For automated detection of boulders, the choice of the input data is crucial, and it is affected by the seabed environment, which is mapped. The input data can be adjusted to a very specific boulder size, shape, or seabed environment, which results in better performance scores for detection of this specific situation. The input data can also be adjusted to a larger area with more variation, but with more generalized results, but worse performance scores. A clear definition of the aim of the investigation is necessary to improve input data. Knowledge about seabed morphology, other habitats, and specific boulder appearance of the area, can be used to choose machine learning predictors and data type and resolution. Point cloud data results in 3D features, which makes it possible to distinguish between circles and spherical boulders on the seabed, while a method to distinguish between boulders in vegetation still is needed. Partly covered boulders on sand can be detected from colour difference from LiDAR intensity, but vegetated patches in the surroundings will remove this signal. It is therefore important to combine a specific set of predictors designed to distinguish seabed morphology and habitats, adjusted to the relevant area.

6. Conclusions

We found that boulders can be detected from four different boulder characteristics: Colour contrast, height difference, spherical shape, and boulder boundary. Colour contrast can be detected from intensity features, height difference from std z and mean z, spherical shape can be detected from sphericity, omnivariance, and anisotropy, while boulder boundaries can be detected from change of curvature, dp, and dz. The best predictor from each of the four groups was std intensity, std z, sphericity and change of curvature, all calculated with a neighbourhood search radius on 0.5 or 1 m. Unvegetated, spherical boulders on bare sandy seabed can be detected from all four boulder characteristics, while unvegetated boulders, partly covered by sand, on bare sandy seabed, can be detected from height and colour contrast predictors.

Spherical, boulders, covered by macroalgae on bare sand can be detected from all four groups of boulder characteristics, but even very small patches of vegetation or macroalgae growing on cobbles can affect the colour contrast signal.

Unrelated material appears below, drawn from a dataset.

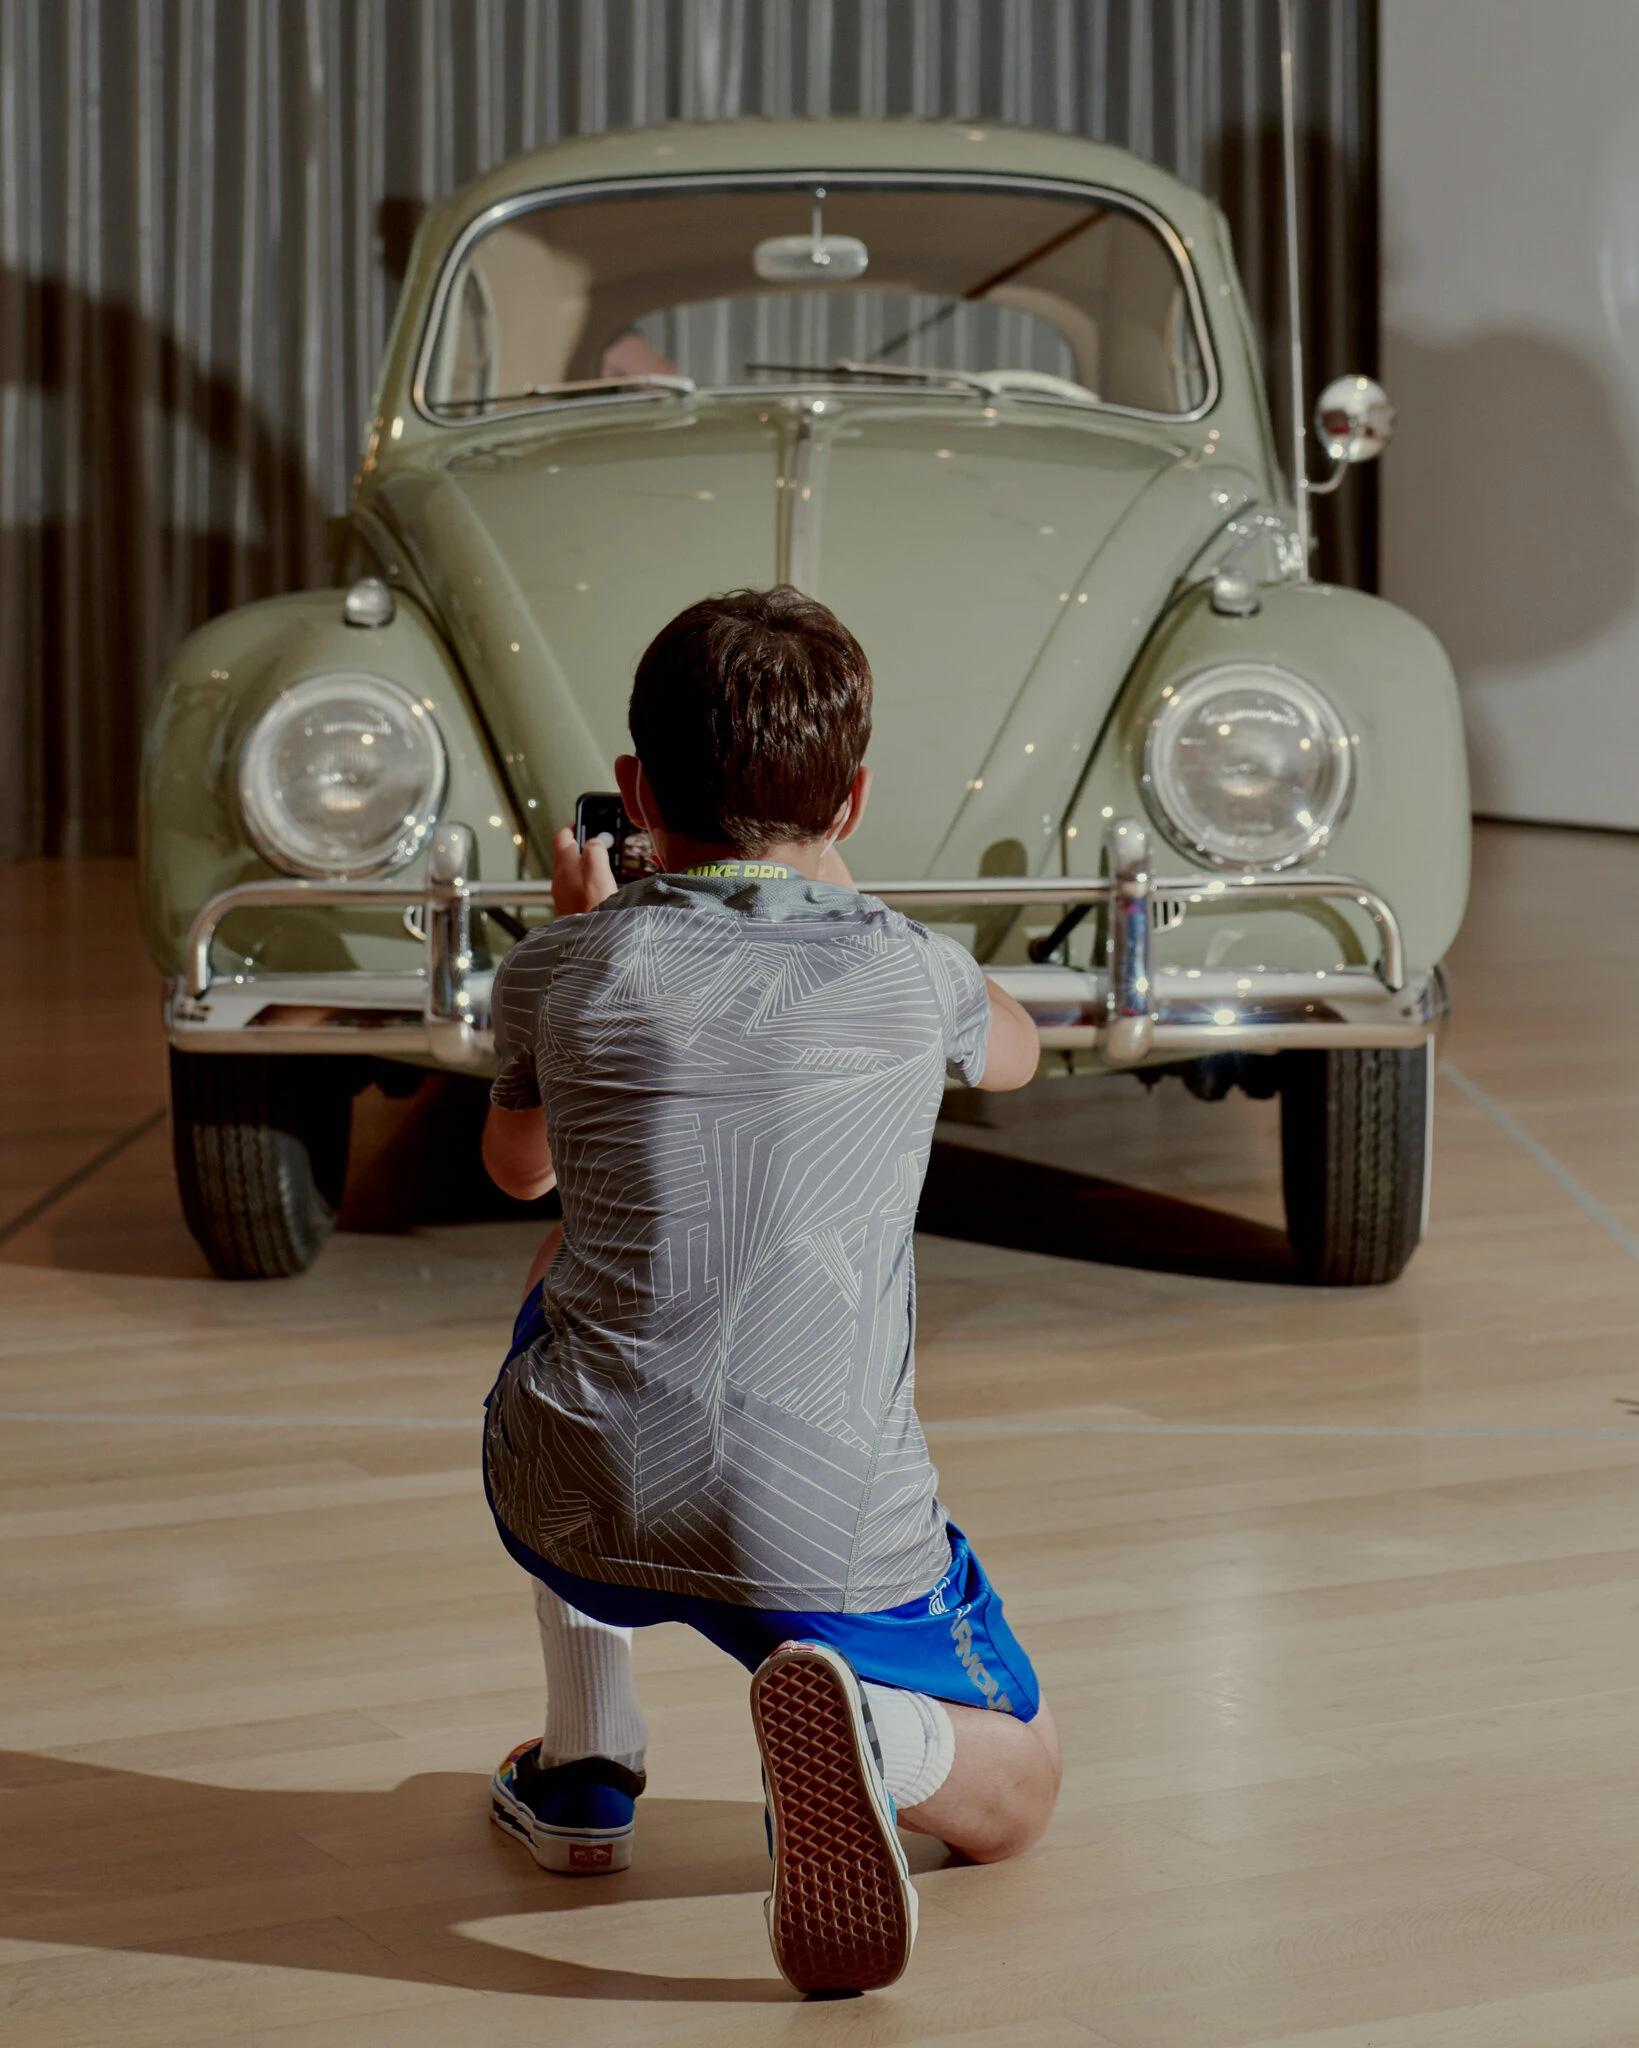 نمایش اتومبیل به مثابه شی هنری در موزه MoMA

It is difficult to detect boulders in vegetated areas, especially if they are non-spherical.

Pre-knowledge about the dominating boulder environments in an area could lead to better input data for machine learning. When up-scaling the boulder detection area, larger seabed structures may affect the results. Therefore, knowledge about these structures can be used to remove errors and uncertainties from the machine learning input data.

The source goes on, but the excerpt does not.